To insulate a house from the outside with mineral wool with your own hands under plaster, you must first take into account one rule. So, to prevent the plaster from cracking during the operation of the building, it is necessary to lay the reinforcing mesh in such a way that the sheets overlap each other by 100 mm.
The reinforced layer must be completely dry before further work. Decorative plaster with interesting textures is suitable for exterior decoration. However, before applying plaster, traces of dry glue must be removed from the wall. This can be done using sandpaper or a spatula. Then the cleaned wall must be primed with a special product.
It is worth starting the final finishing if, after reinforcement, the wall has a perfectly flat surface. If the surface of the wall has an uneven surface, then you should resort to rough plastering. Only after these works can the building be finished.

Every owner strives to protect his home from heat loss. For this, different materials and technologies are used. A good option would be to insulate the walls outside with mineral wool under plaster.

This option will help extend the service life of the main structure, preserve usable space inside the building and, of course, reduce heat loss. Let’s take a closer look at the insulation and the whole process so that you can do everything yourself.
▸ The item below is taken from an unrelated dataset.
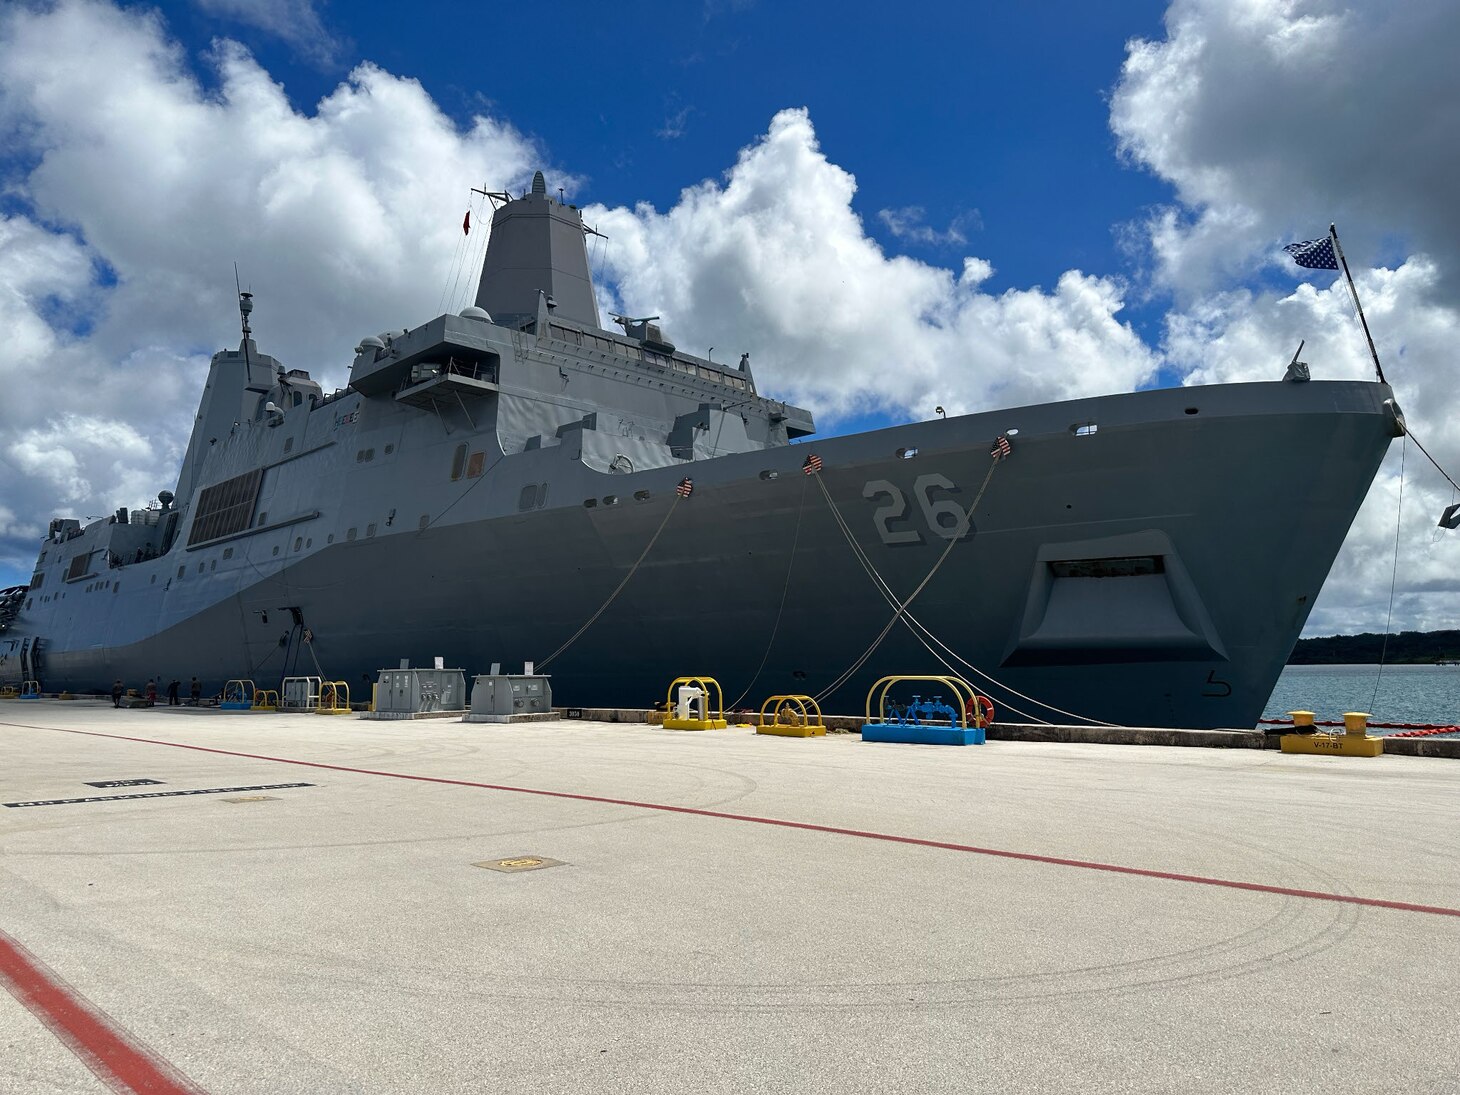 Amphibious transport dock ship USS John P. Murtha (LPD 26) sits moored to the pier at U.S. Naval Base Guam for a regular scheduled port visit. While in port, the Makin Island Amphibious Ready Group (ARG), comprised of amphibious assault ship USS Makin Island (LHD 8) and amphibious transport docks USS Anchorage (LPD 23) and John P. Murtha, refueled, took on supplies, and had the chance to explore the local area.

Previously, this material was considered very toxic and was used extremely rarely in private construction. But modern production no longer uses harmful resins, which released toxic substances even with slight heating. Now mineral wool is considered an environmentally friendly material with excellent technical characteristics.

Stove brandIndex
Application areaDensity, kg/m3Thermal conductivity, W/m*KCompressive strength, kPaWater absorption,%Content of organic substances, % by weight
PM-40Soft PM slab, for unloaded heat and sound insulation of pitched roofs, ceilings, floors, frame partitions40…45 0.042 - 30 3
PM-50 >45… 0.042 - 30 3
55
PP-60Semi-rigid PP slab, for unloaded heat and sound insulation of pitched roofs, ceilings, floors, frame structures, three-layer walls made of brick and aerated concrete>55… 0.04 4 25 3.5
65
PP-70 >65… 0.039 8 20 3.5
75
PP-80 >75… 0.039 20 15 4
90
PZh100Rigid slab PZh, for heat and sound insulation of walls, incl. ventilated facades, basement floors on the lower side, three-layer walls made of brick and aerated concrete>90… 0.038 25 15 4
110
PZh-120 >110…130 0.039 30 15 4.5
PZh-140 >130…150 0.039 35 15 4.5
PPZh-160A plate of increased rigidity, for heat and sound insulation of loaded roofs made of corrugated sheets and reinforced concrete. slabs without screed>150…170 0.042 40 12 5
PPZh-180 >170…190 0.044 50 12 5
PPZh-200 >190…210 0.045 60 12 5
PT-220Solid PT slab, for heat and sound insulation of loaded roofs made of corrugated sheets and reinforced concrete. slabs, finishing slabs for ceilings, noise insulation, sound insulation of floors, partitions>210…230 0.045 80 10 7
PT-250 >230…270 0.045 100 8 7.5
PT-300 >270…330 0.046 150 6 10

There are several types of insulation:

  • Glass wool is an excellent option for insulating walls outside. It allows steam to escape from interior spaces, but at the same time retains heat in them. quite durable and elastic material. But there is a small drawback - during installation you must use safety glasses and a respirator. Small particles can enter the eyes and respiratory tract, causing irritation.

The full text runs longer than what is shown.